Navaratnam, Manchula MBChB, FRCA*; Williams, Glyn D. MBChB, FFA (SA)*; Shuttleworth, Paul BSN, MBA, CCP; Almond, Chris MD; Maeda, Katsuide MD, PhD§

doi: 10.1213/XAA.0000000000000818
Case Reports

Concerns remain regarding the use of direct thrombin inhibitors for cardiopulmonary bypass anticoagulation in pediatric patients with heparin-induced thrombocytopenia undergoing complex cardiac surgery. We describe the safe and effective use of epoprostenol sodium as an alternative therapy before heparin exposure for a pediatric patient with subacute heparin-induced thrombocytopenia and a ventricular assist device undergoing heart transplant.

From the *Department of Anesthesiology, Perioperative and Pain Medicine

Department of Cardiovascular Perfusion, Stanford Hospital and Clinics

Division of Cardiology, Department of Pediatrics

§Department of Cardiothoracic Surgery, Stanford Children’s Hospital, Stanford University Medical Center, Palo Alto, California.

Accepted for publication May 8, 2018.

Funding: None.

The authors declare no conflicts of interest.

Address correspondence to Manchula Navaratnam, MBChB, FRCA, Department of Anesthesiology, Perioperative and Pain Medicine, Stanford Children’s Hospital, Stanford University Medical Center, Palo Alto, CA. Address e-mail to

Heparin-induced thrombocytopenia (HIT) is a complex, immune-mediated interaction between heparin and platelets resulting in thrombocytopenia and a prothrombotic state.1 HIT has a 1%–3% incidence rate in pediatric patients with congenital heart disease after a 1-week exposure to unfractionated heparin and a thrombotic mortality and morbidity rate of 22% and 66%, respectively.2

There is no consensus on the optimal management of HIT in pediatric patients requiring cardiopulmonary bypass (CPB).

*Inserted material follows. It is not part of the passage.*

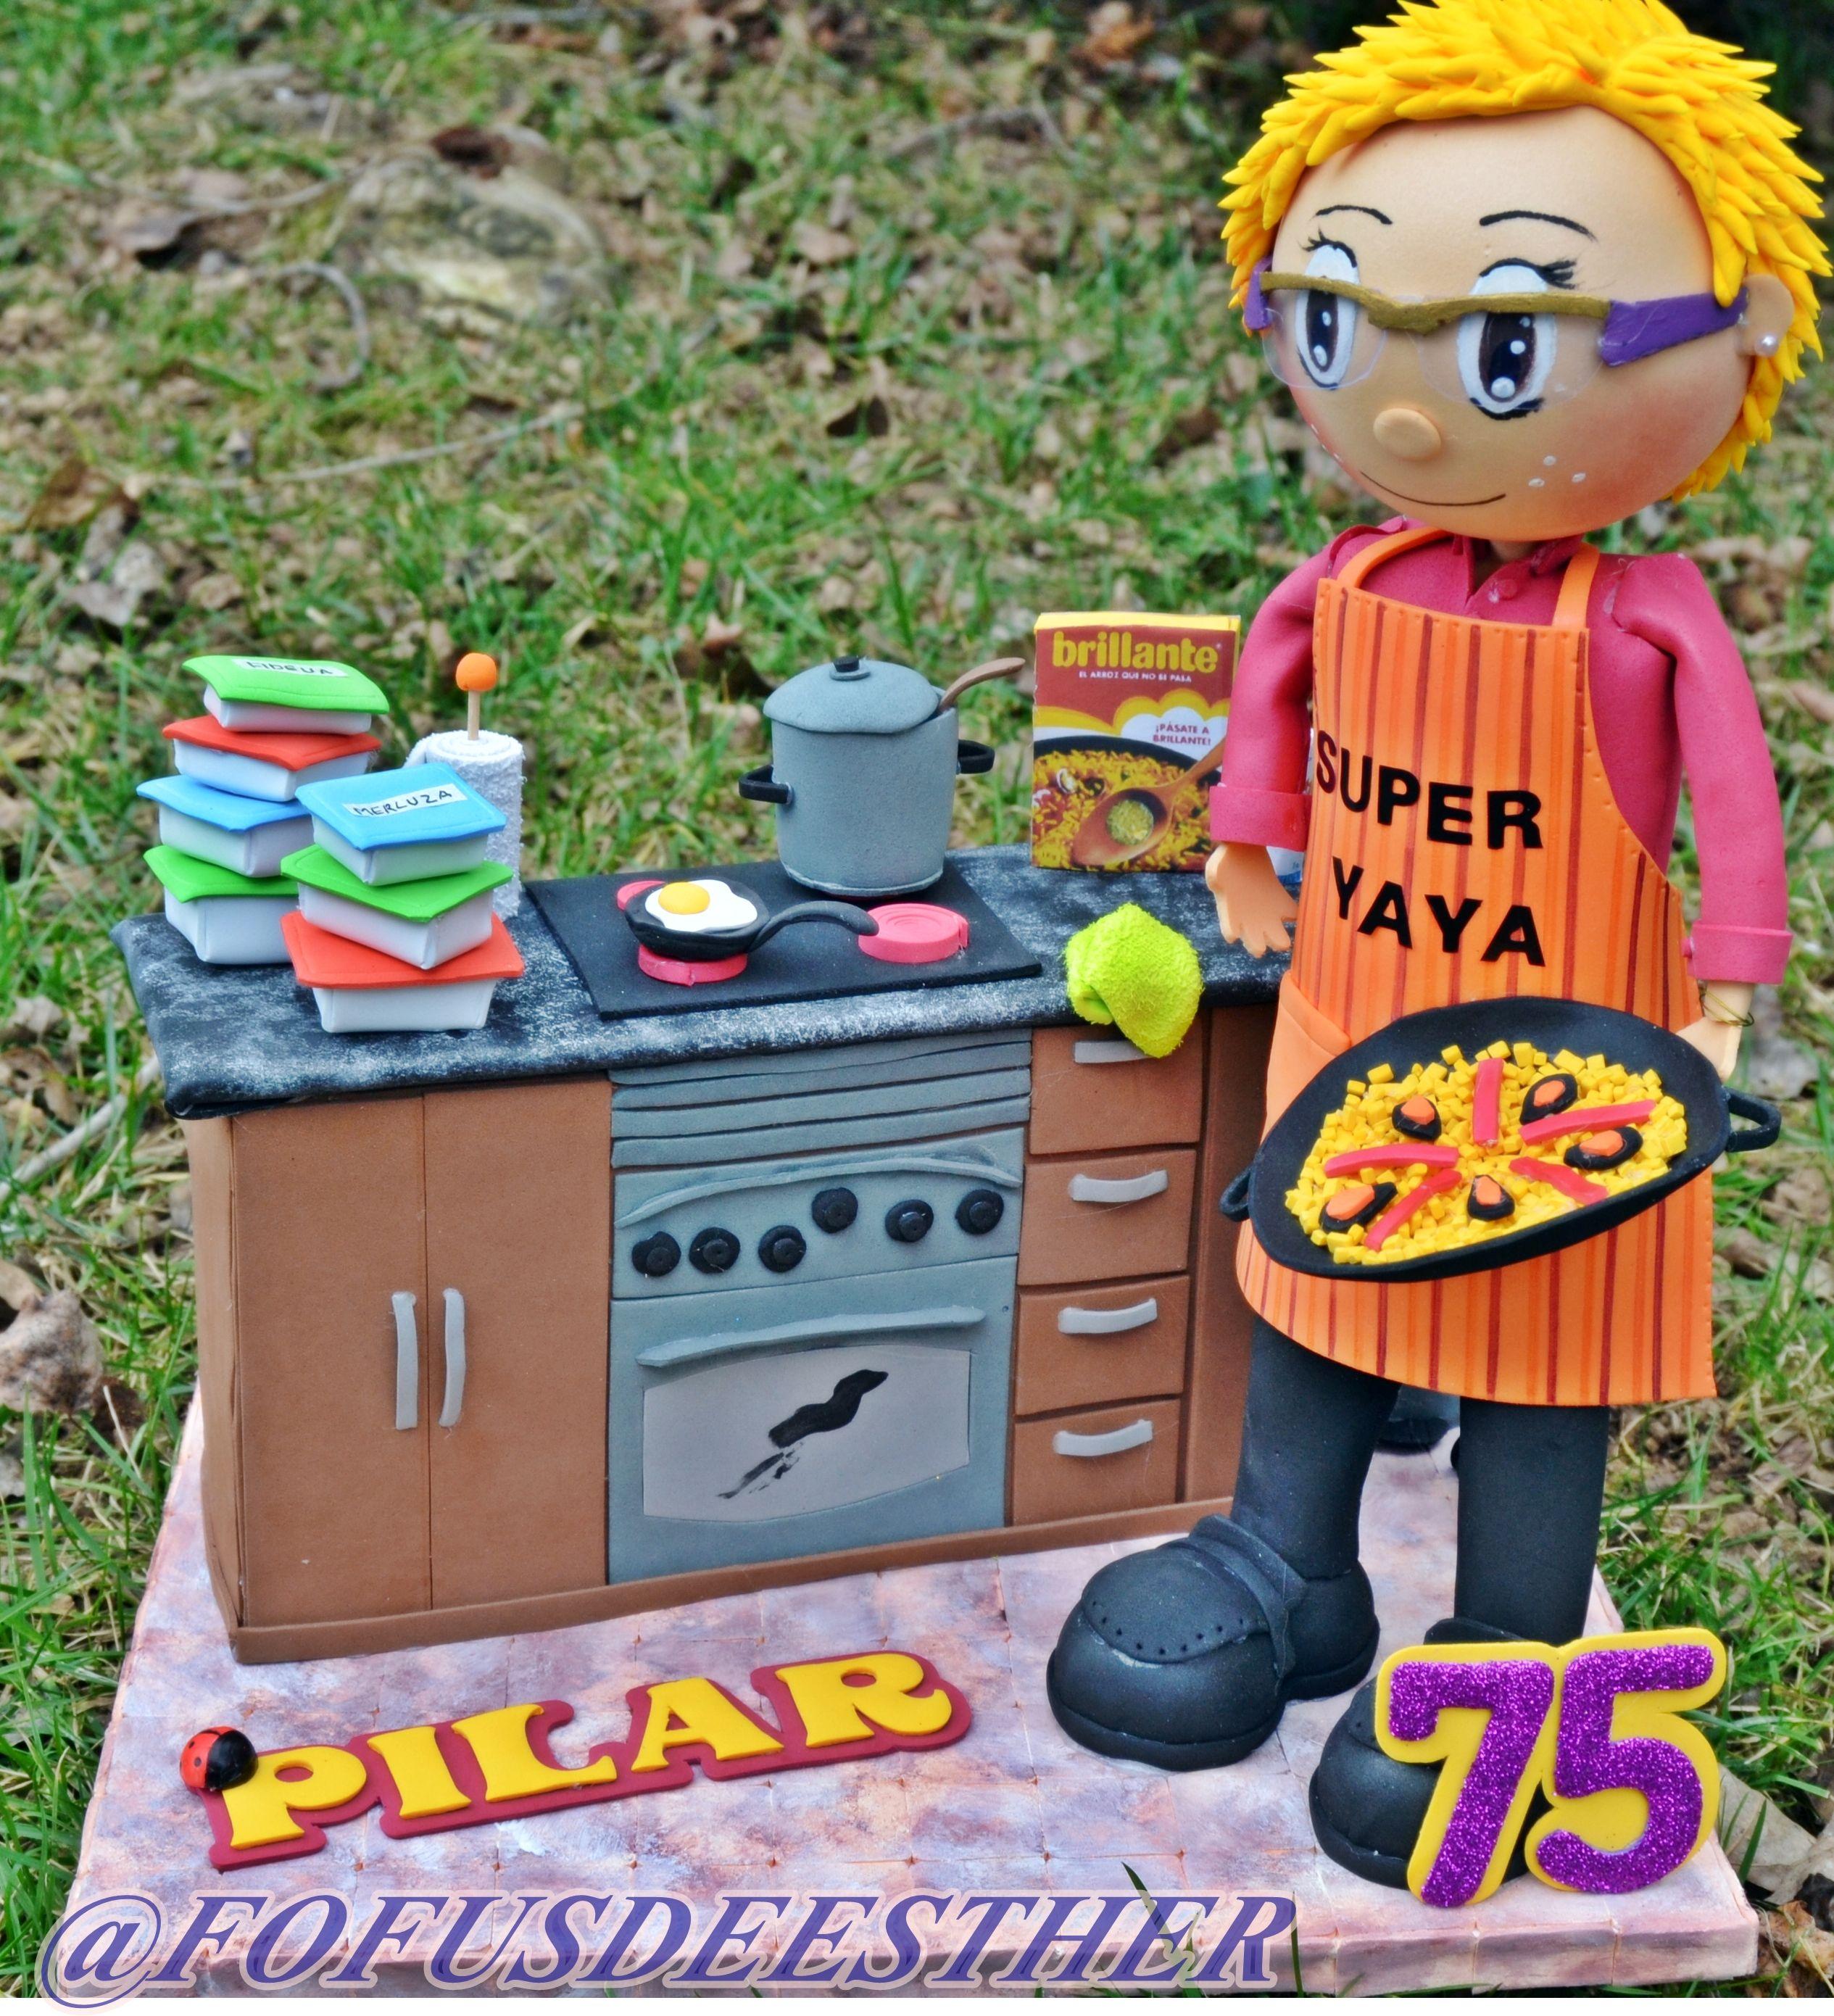 madre, super yaya, goma eva,  foami, cocina, cocinera, paella

Expert guidelines recommend bivalirudin (a direct thrombin inhibitor [DTI]) as the anticoagulant of choice instead of heparin during urgent CPB in adult patients who are HIT antibody positive.3 DTIs have a relatively long half-life and lack specific reversal agents. Adult studies have shown a 5%–10% risk of clinically significant bleeding associated with DTIs.4 Although DTIs such as bivalirudin and argatroban have been used successfully for pediatric cardiac surgery, there are limited published data on the use of these agents for pediatric CPB with varying dosing strategies and a lack of validated monitoring to guide dosing.5 A recent pediatric case report described extracorporeal circuit thrombus formation and massive post-CPB hemorrhage associated with the use of a DTI for CPB.5

Epoprostenol sodium (Flolan GlaxoSmithKline, Research Triangle Park, NC) is a prostaglandin (PGI2), which inhibits intracellular adenylyl cyclase resulting in decreased platelet aggregation.6 It has a short half-life of 6 minutes7 and has been reported in the adult literature as a safe, alternative therapy for HIT antibody-positive patients undergoing CPB.8 To date there is only 1 published case report describing its use during CPB for a pediatric patient with HIT.9 We describe pretreatment with epoprostenol sodium before heparin exposure for CPB in a pediatric patient with subacute HIT and a left ventricular assist device (LVAD) undergoing orthotopic heart transplant. Written consent was obtained for publication of this case report.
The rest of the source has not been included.